Out of the Cradle is the third solo album by American singer/songwriter  Lindsey Buckingham. Released in 1992, it was Buckingham's first album after his departure from Fleetwood Mac, in 1987 (though Buckingham rejoined the band in 1997).  He named the album after Walt Whitman's poem "Out of the Cradle Endlessly Rocking." The album reached #128 on the US Billboard 200 album chart, #51 on the UK Albums Chart, and #70 on the Canada Albums Chart. In Canada, four singles charted within the Top 60.

Allmusic writes that along with Michael Nesmith's Tropical Campfires, this album may be one of the finest and most underrated albums of the 1990s.

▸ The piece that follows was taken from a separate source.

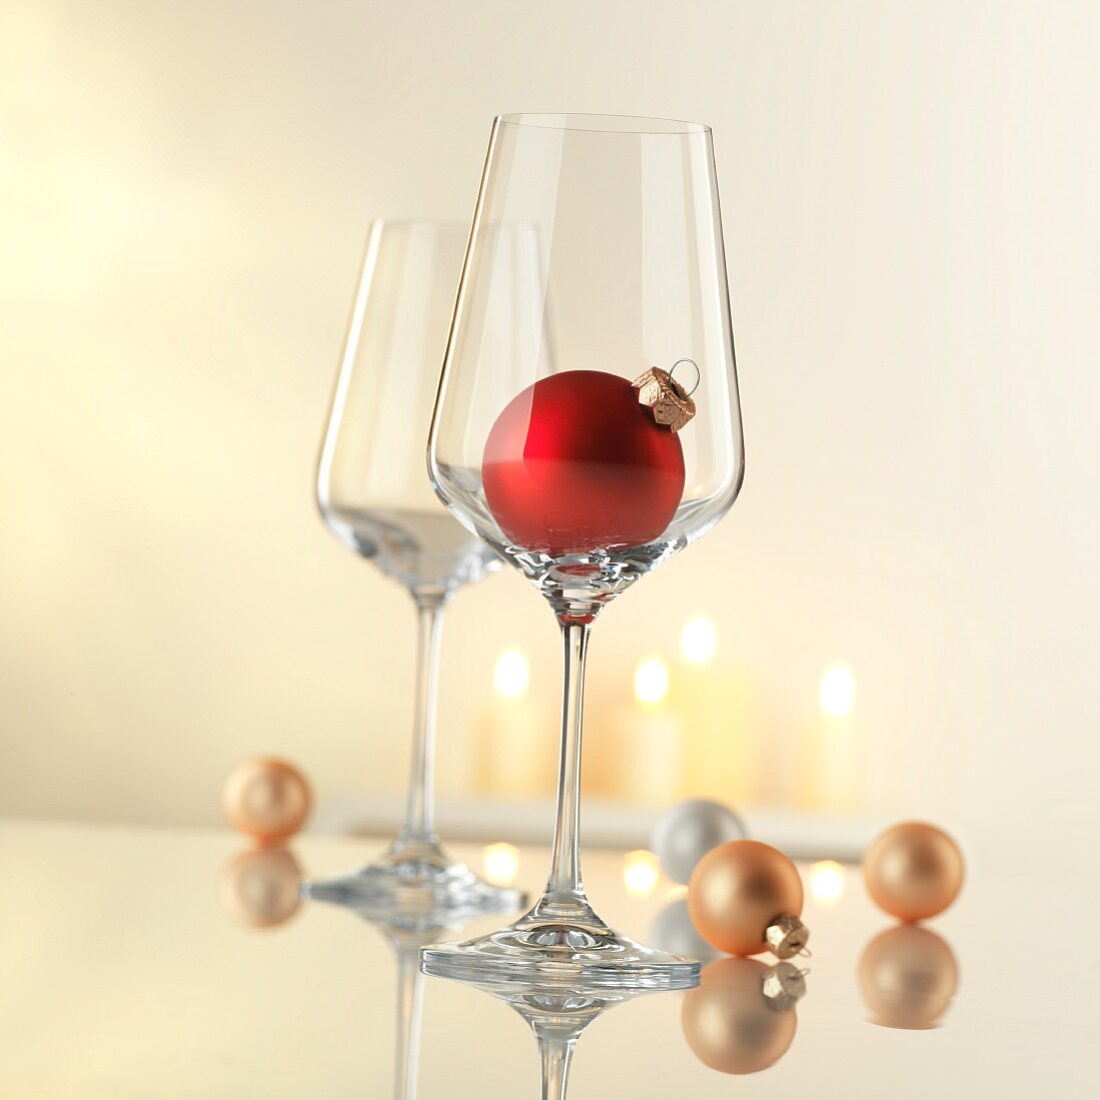 Wine glasses with Christmas decorations

Ten of the songs on the album (counting "Instrumental Introduction To") were included on Solo Anthology: The Best of Lindsey Buckingham.

Production
Richard Dashut, who worked with Buckingham on many Fleetwood Mac albums, helped co-produce and co-write much of the material on Out of the Cradle. The album was recorded at Buckingham's home studio.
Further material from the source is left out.